Aside from Beth Din/Beit Din and Sharia law, other local non-Secular Humanist State “Sacramental” versions of marital law already exist within the United States: namely Eskimo, Hawaiian Native, and other Title 25 Indian Tribal Courts.

3 responses to “FAMILY COURT: THE ULTIMATE DESTRUCTION MACHINE and 42 U.S.C. Sec. 666: “The Mark of the Beast”

  1. Pingback: The Libertarian: Book Recommendation

  2. Charles,

    I could never interest you in the idea that the definition of the term “State” in 42 U.S.C., Chapter 7 (a.k.a. Social Security), Sub-chapter XI (general provisions) Section 1301 (definitions) (a) (1) restricted the bulk of Social “Security” provisions to D.C. and its territories and possessions, or to put it another way, the feds have a hell of a lot more legitimate authority over themselves, their agencies and employees and their territories and possessions.

    However, if you ever happen to be in a good law library, or can otherwise access earlier volumes of the United States Code, you will find that prior to the admission of Alaska and Hawaii as full fledged States of the Union, 42 U.S.C., Chapter 7, Sub-chapter XI, Section 1301 (a) (1) did in fact include both Alaska and Hawaii by name in the definition of the term “State”.

    Then when Alaska achieved full statehood, it was dropped from the definition leaving Hawaii, then in its turn Hawaii was dropped from the definition of the term “State” when it achieved statehood.

    Similarly, various and sundry parts of virtually all United States Code Titles were tweaked, and a comprehensive tally of these changes can be found in what are called the Alaska Omnibus Act and the Hawaii Omnibus Act.

    These changes collectively amount to the feds giving up micromanagement of what was a Territory, and handing over these functions to a somewhat Sovereign State.

    The feds are exercising legitimate (if poorly used) power when they force these rules and regulations on Courts and Legislatures of Puerto Rico, Guam, Virgin Islands etc. that they have termed “State”(s), but have no authority to do so in the 50 States of the Union and the law is written to reflect this.

    I submit there is a lot of wink, wink, nudge, nudge consensual fraud against the public going on by both the feds and the AGs of the various 50 States, for the benefit of their bureaucracies.

    I believe I told you once about how Professor Sampson of UT was testifying before a Texas House Committee and confirmed my testimony that Texas could drop out anytime it wanted to and was required to do nothing under Sub-chapter IV-D.

    Incidentally, I was wondering if you have had a chance to read the Amici brief filed by Texas and 5 other States in the SCOTUS case of Carol Anne Bond v.
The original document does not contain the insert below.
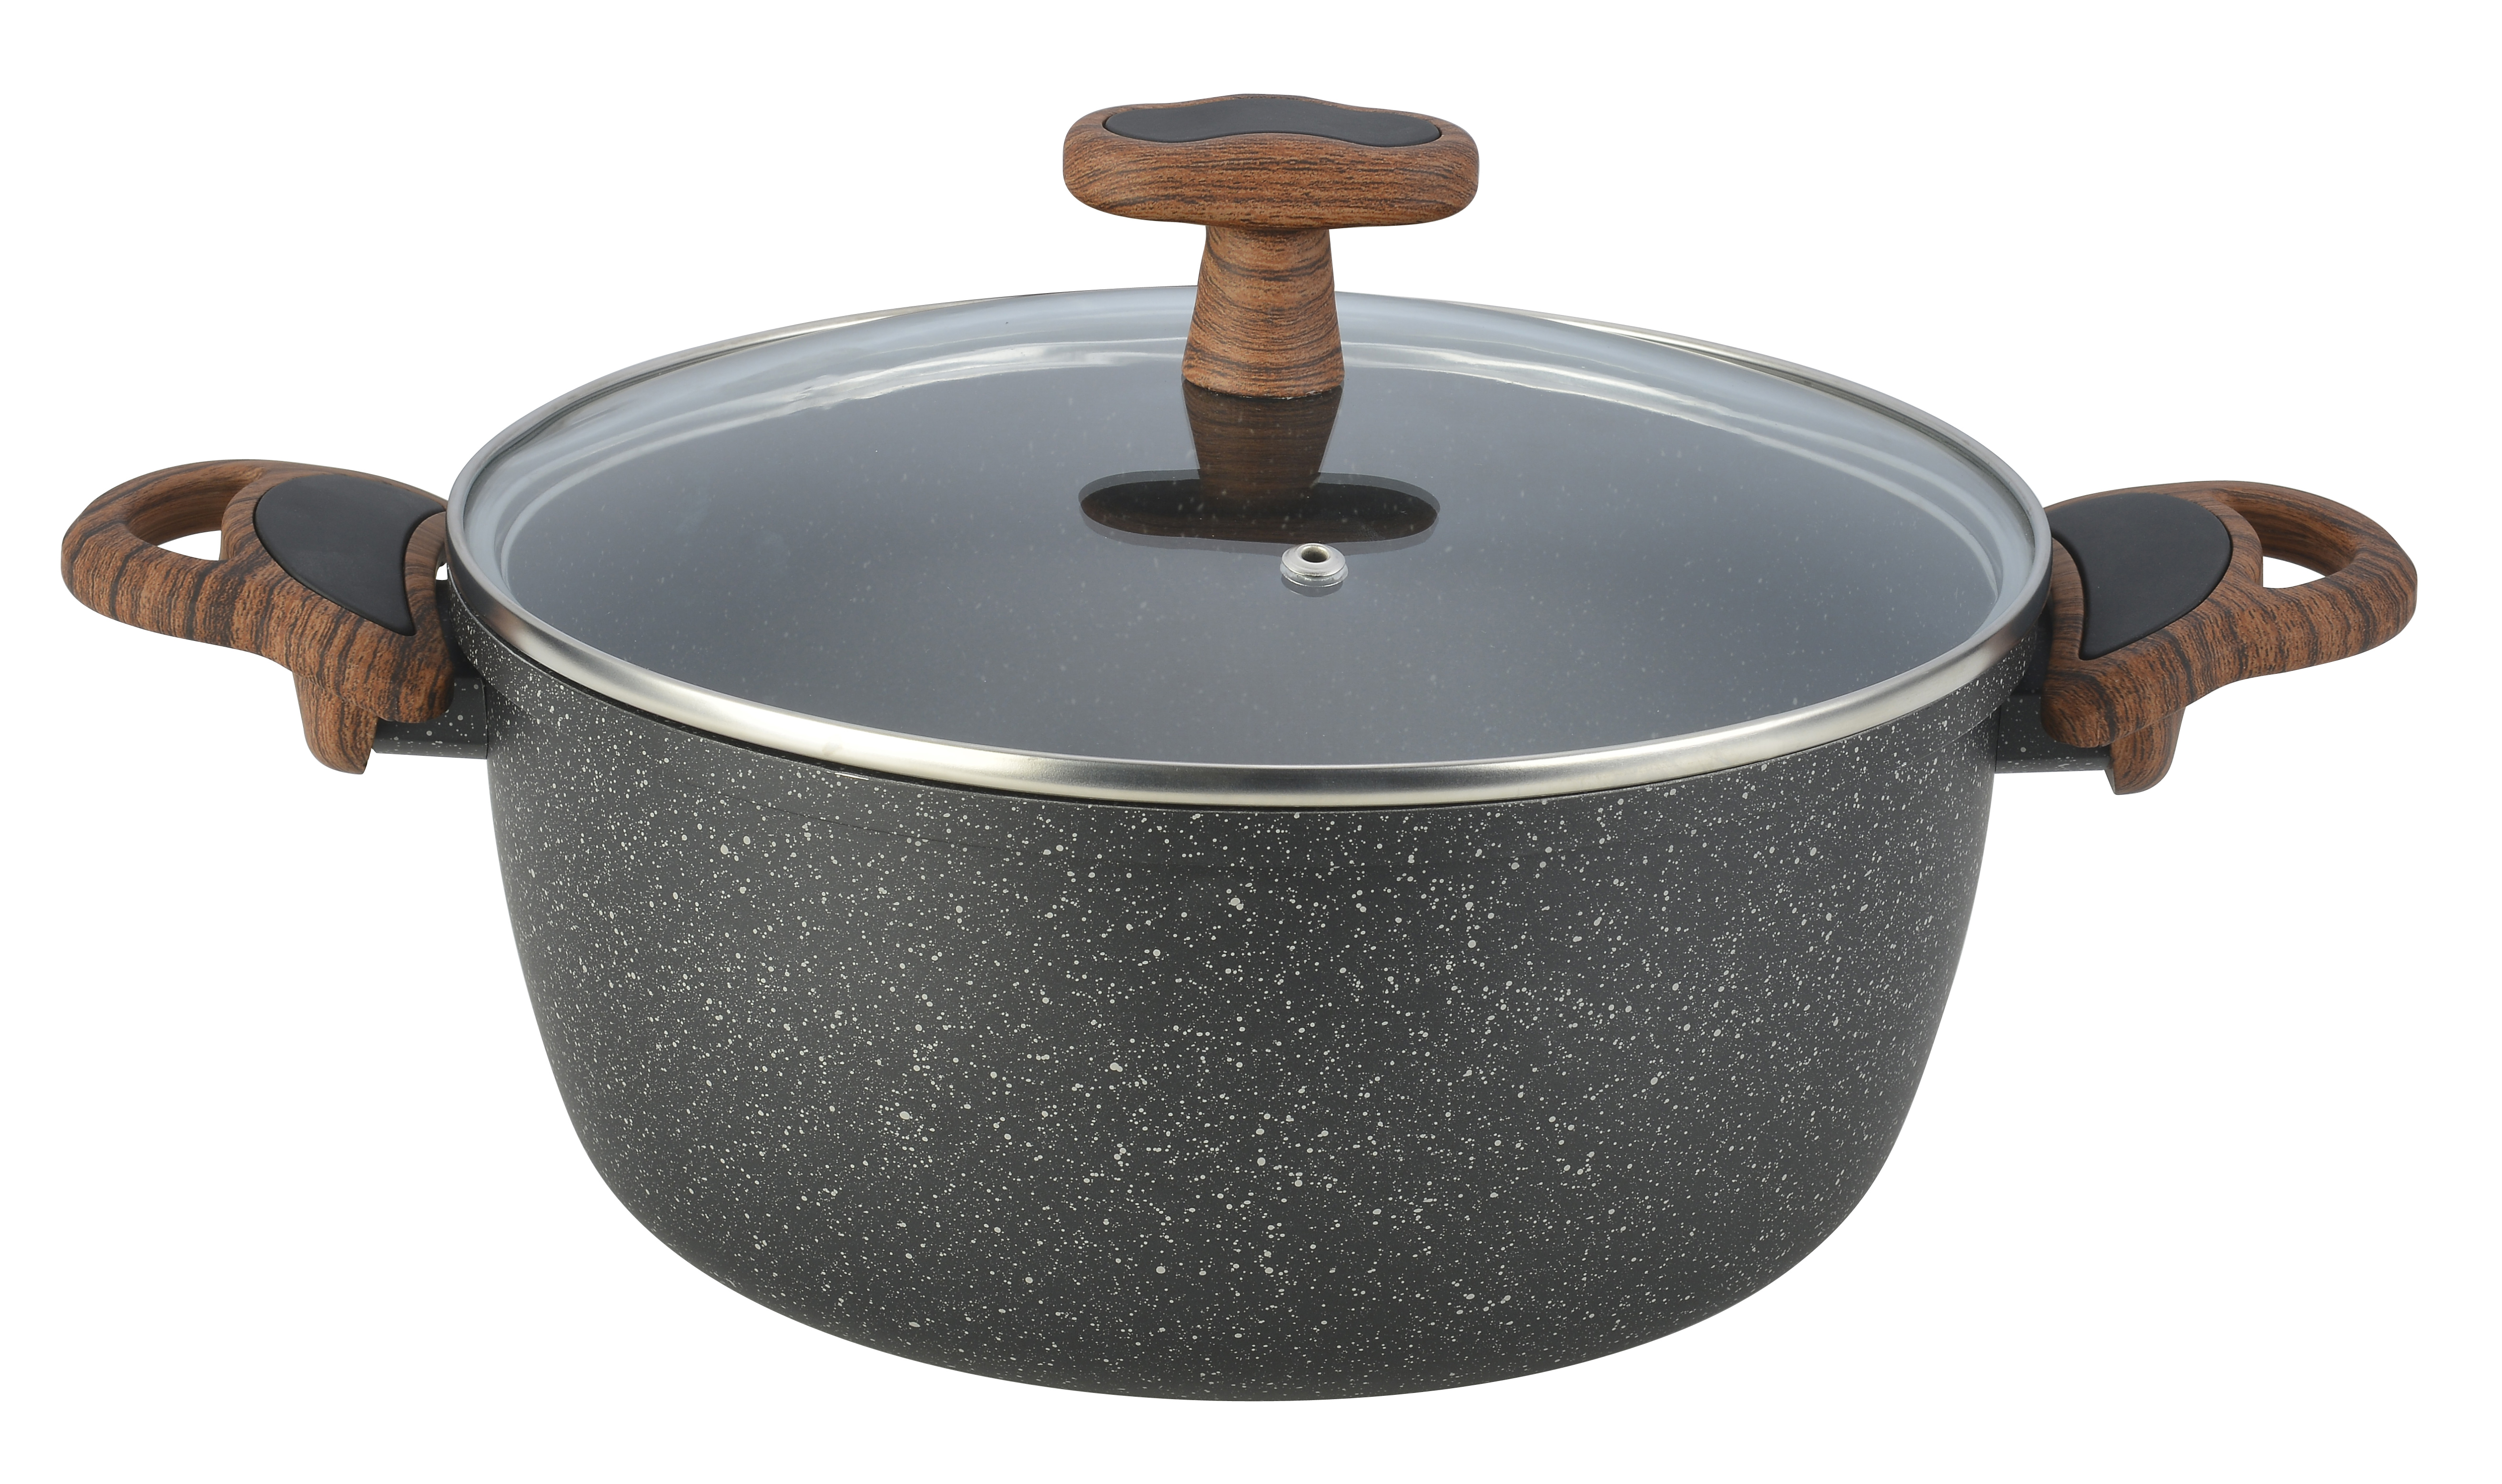 herzberg-hg-6017-batterie-de-cuisine-en-revetement-marbr-3

United States?

    It is most interesting because your old friend Greg Abbott presumably approved it, and in part it admitted States sometimes attempt to sell out their citizens to unconstitutional federal laws and programs…essentially for the money, but that “the State could not waive the rights of its Citizens”
    among other real gems.

    Daniel Simon

  3. You should ready my posts on Social Security elsewhere on this blog. The integration of Social Security Chapter IV-D, 42 USC Section 666 just as an example, is the direct result of a revenue sharing contract between Congress and the States known as the Social Security Act, implemented in stages 1935-1940, and evaluated by the Supreme Court in a pair of cases in 1937, per Justice Benjamin Cardozo, as a common access “checking account” for all government sovereigns, state and federal. We should talk. I always acknowledge the degree to which you have influenced my thinking—I am just very cautious and I have to learn things from the top down rather than the bottom up, on account of my training I guess, but your analysis is both right and incomplete. I think I now know the missing details, and they have to do with the original Fraud of the New Deal which created a Social Security Trust fund without any of the common law elements of trust—NOT ANY OF THEM!!!!